> **Task instructions**: Using the listing below, copy exactly the lines from the one containing "Tue Poulsen Ceramic" to the one containing "It was great", both lines included, and no others.

> **Input for this task**:
=== Section Start ===

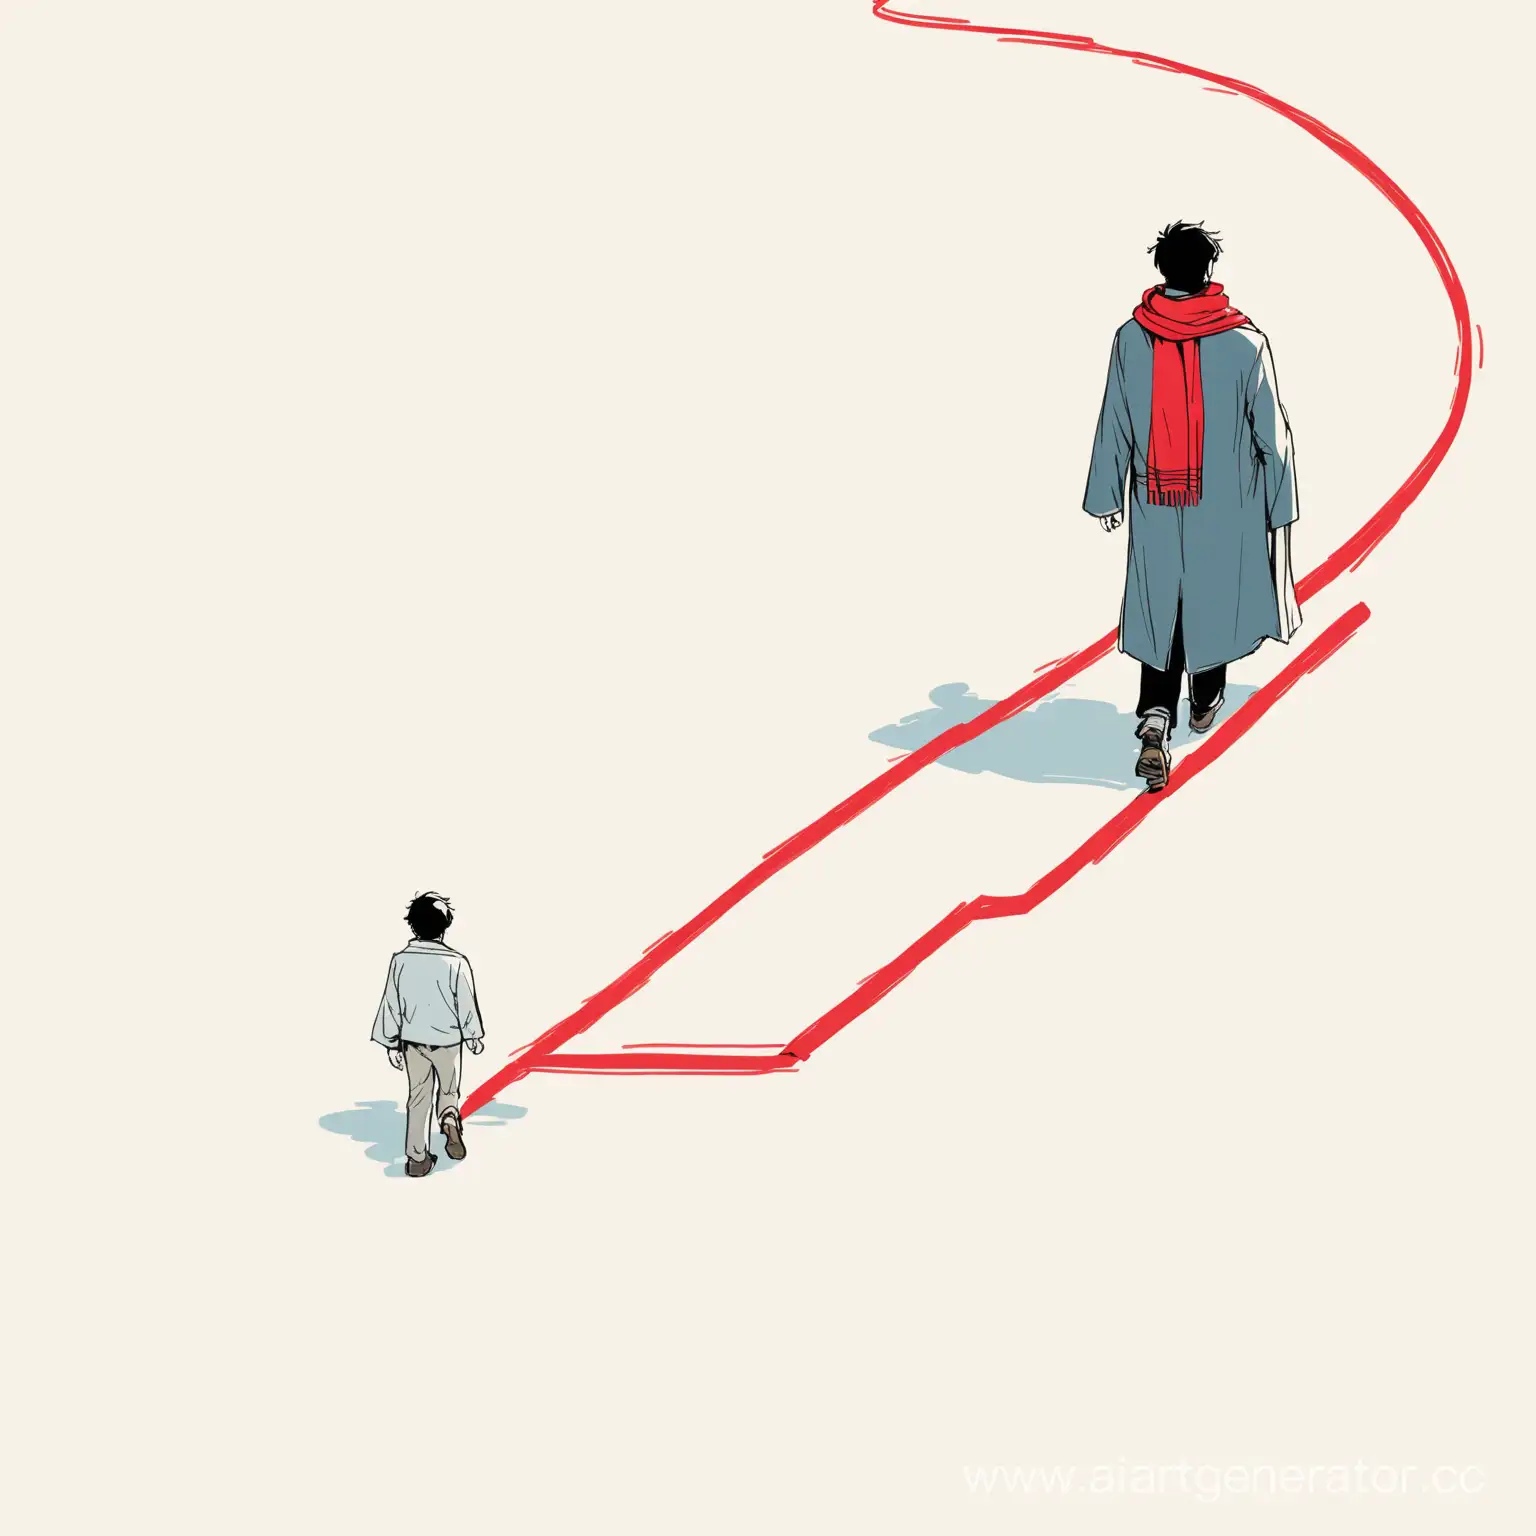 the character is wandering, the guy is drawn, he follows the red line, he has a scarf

=== Section End ===
=== Section Start ===

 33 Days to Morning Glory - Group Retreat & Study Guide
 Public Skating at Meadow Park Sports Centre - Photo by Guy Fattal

=== Section End ===
=== Section Start ===

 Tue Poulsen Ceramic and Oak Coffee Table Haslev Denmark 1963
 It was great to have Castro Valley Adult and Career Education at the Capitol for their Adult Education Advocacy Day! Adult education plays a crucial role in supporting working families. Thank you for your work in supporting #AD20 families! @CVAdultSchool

=== Section End ===

> **Written solution**:
 Tue Poulsen Ceramic and Oak Coffee Table Haslev Denmark 1963
 It was great to have Castro Valley Adult and Career Education at the Capitol for their Adult Education Advocacy Day! Adult education plays a crucial role in supporting working families. Thank you for your work in supporting #AD20 families! @CVAdultSchool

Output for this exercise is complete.